The team, led by Liangbing Hu, materials science and engineering professor and director of the Center for Materials Innovation at the University of Maryland, dismantled the wood’s lignin – the cell walls inside wood that give it strength – which softens it, an then closed the fibers via evaporation. The team then re-swelled the wood by "shocking" it with water.

"The rapid water-shock process forms a distinct partially open, wrinkled cell wall structure that provides space for compression as well as the ability to support high strain, allowing the material to be easily folded and molded," Hu said. "The resulting 3D-Molded Wood is six-times stronger than the starting wood and comparable to widely used lightweight materials like aluminum alloys."

Wood can be made moldable.This ‘moldable wood’ can then be folded into different shapes and then set to dry before forming the final product. The remarkable foldability of the processed wood originates in its wrinkled cell wall structure, which can sustain severe folding without fracture.

"Moldable wood significantly broadens the potential applications of wood as a sustainable structural material, while reducing the environmental impact for buildings and transportation applications" said Teng Li, mechanical engineering professor at UMD and co-author on the study on the technique, which appeared in the Oct. 21 edition of Science magazine.

In addition to UMD researchers, scientists from Yale University, Ohio State University, USDA Forest Service, University of Bristol, University of North Texas, ETH Zurich, and the Center for Materials Innovation collaborated on the study..
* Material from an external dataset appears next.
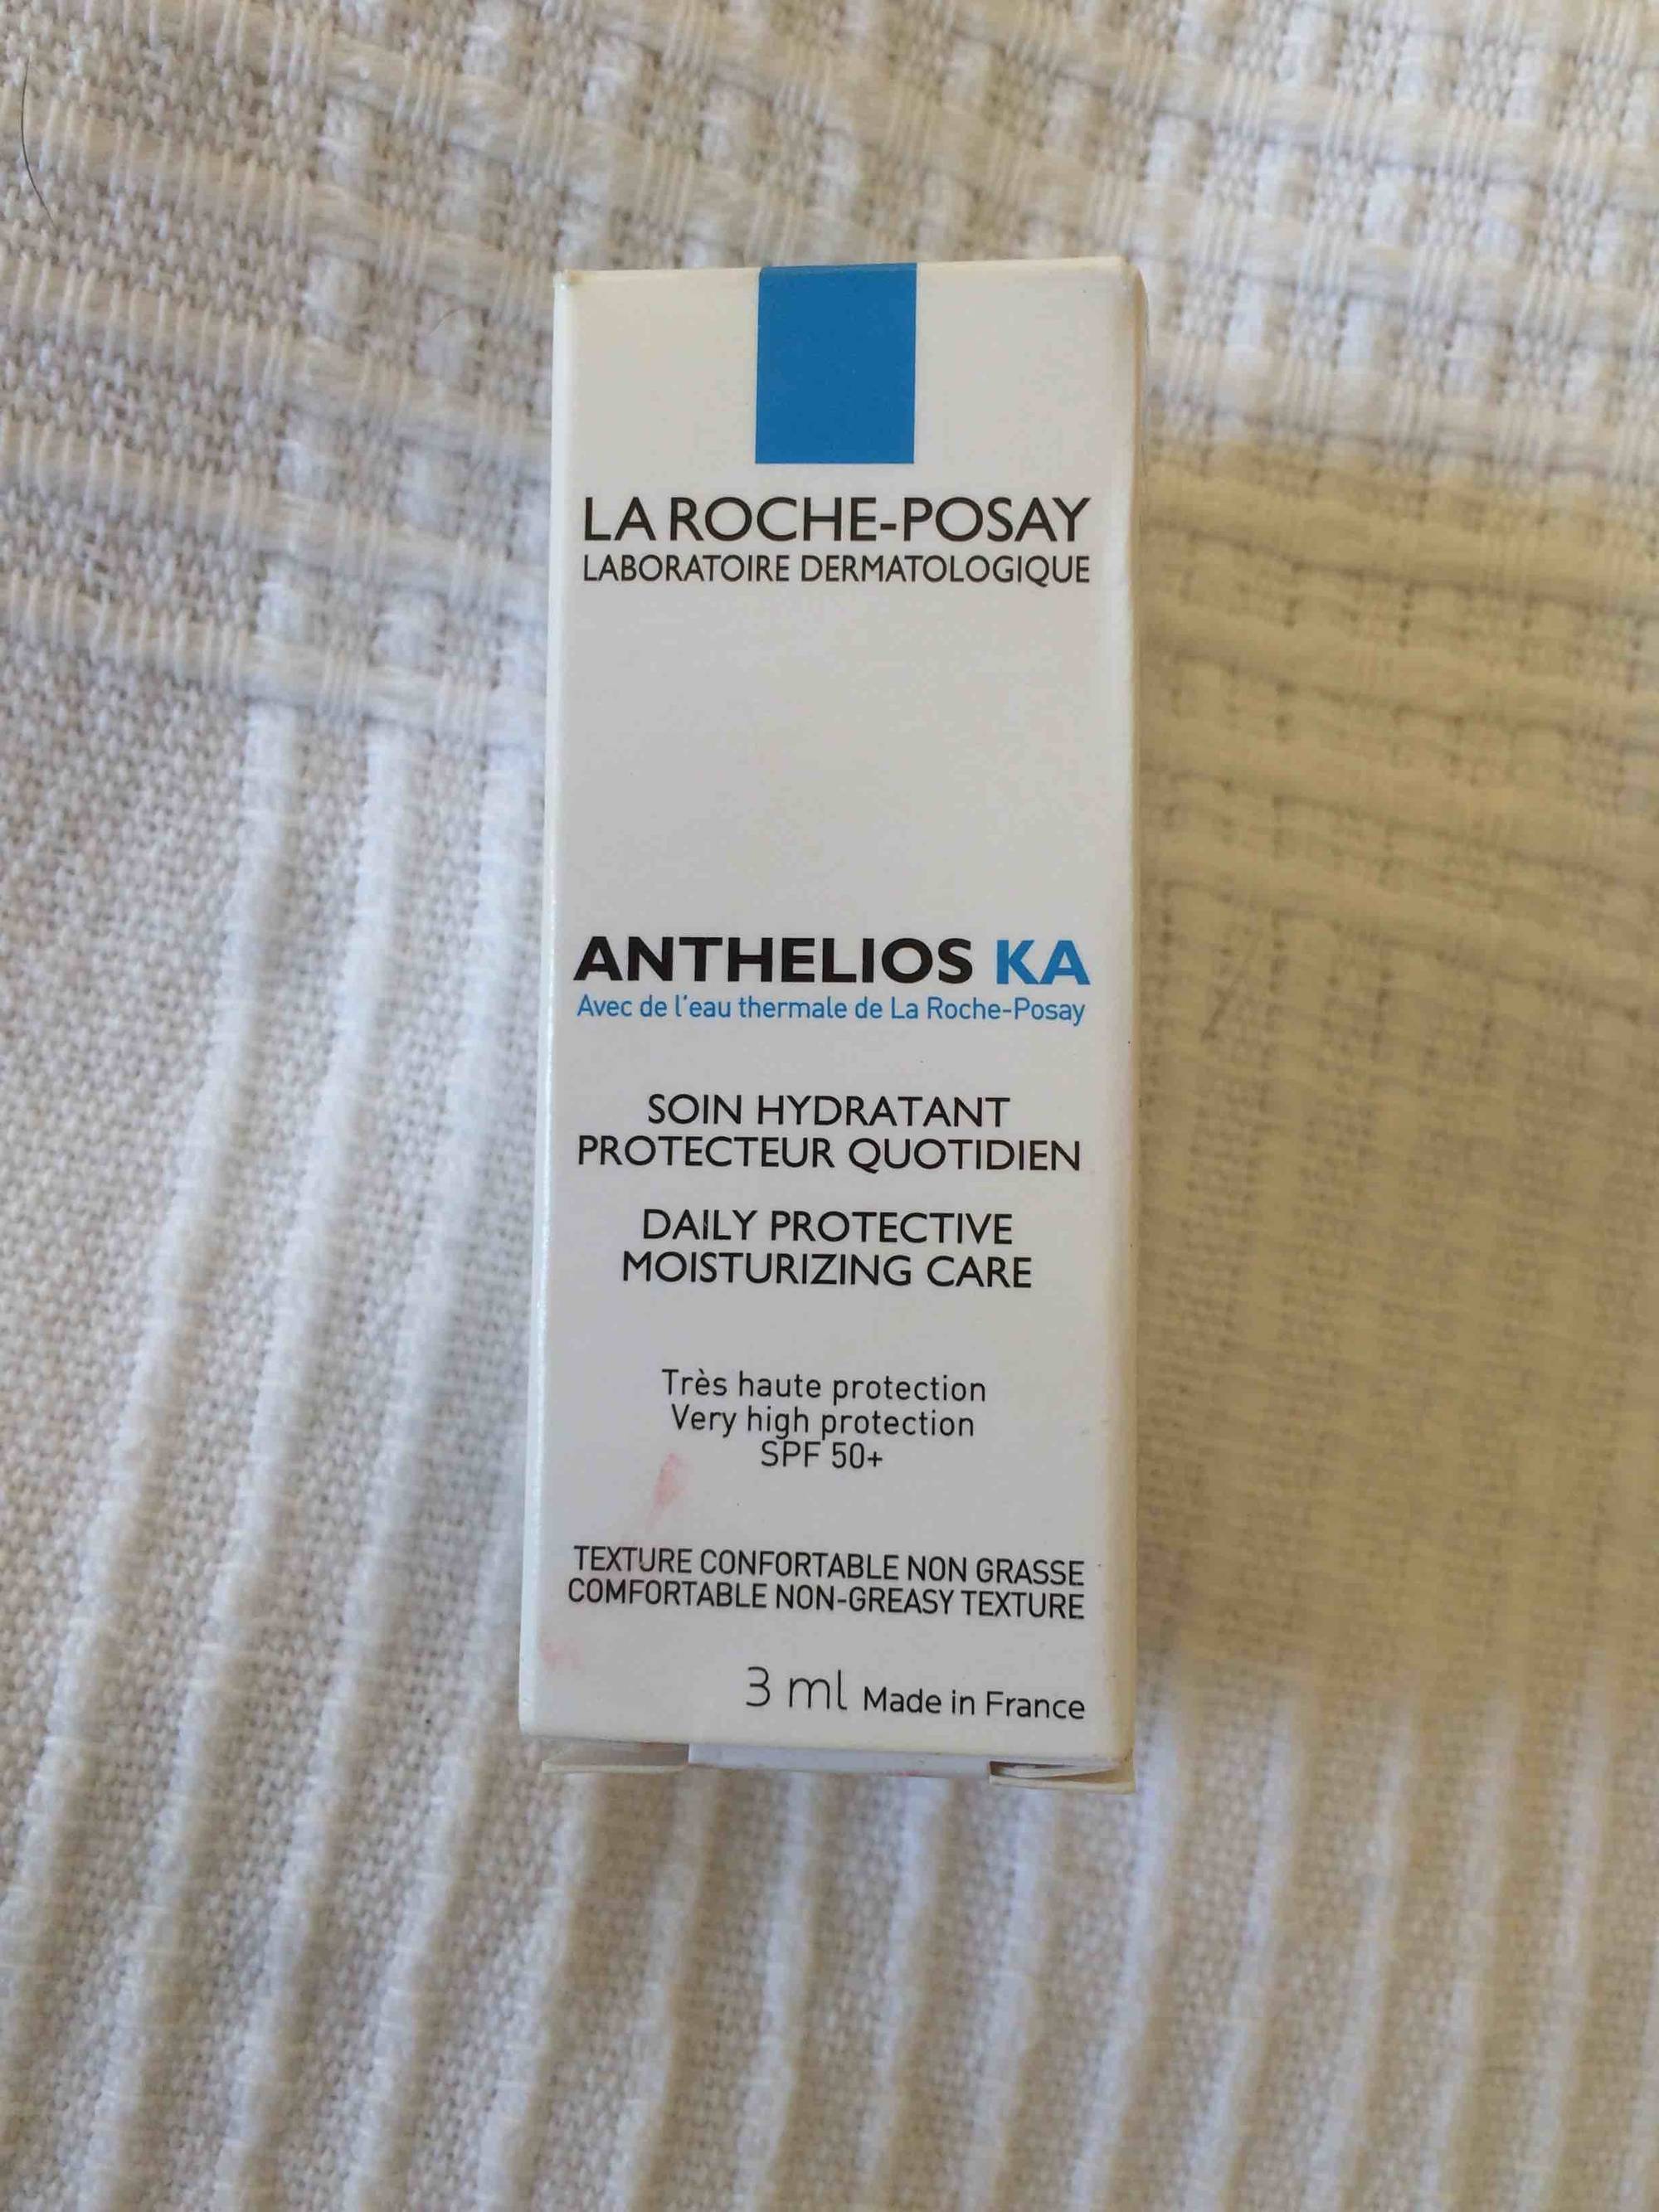 LA ROCHE-POSAY - Anthelios Ka - Soin hydratant protecteur quotidien

Indeed, "this out-of-the-box approach to developing advanced wood materials will drive wood product and market innovation as a sustainable solution to replace many unsustainable structure materials and combat climate change," said JY Zhu at the USDA Forest Products Lab. "It will also facilitate mitigating forest thinning cost for healthy forest management to reduce wild catastrophic forest fires. We at the U.S. Forest Service Forest Products Laboratory are very excited to collaborate with Professor Hu on this research."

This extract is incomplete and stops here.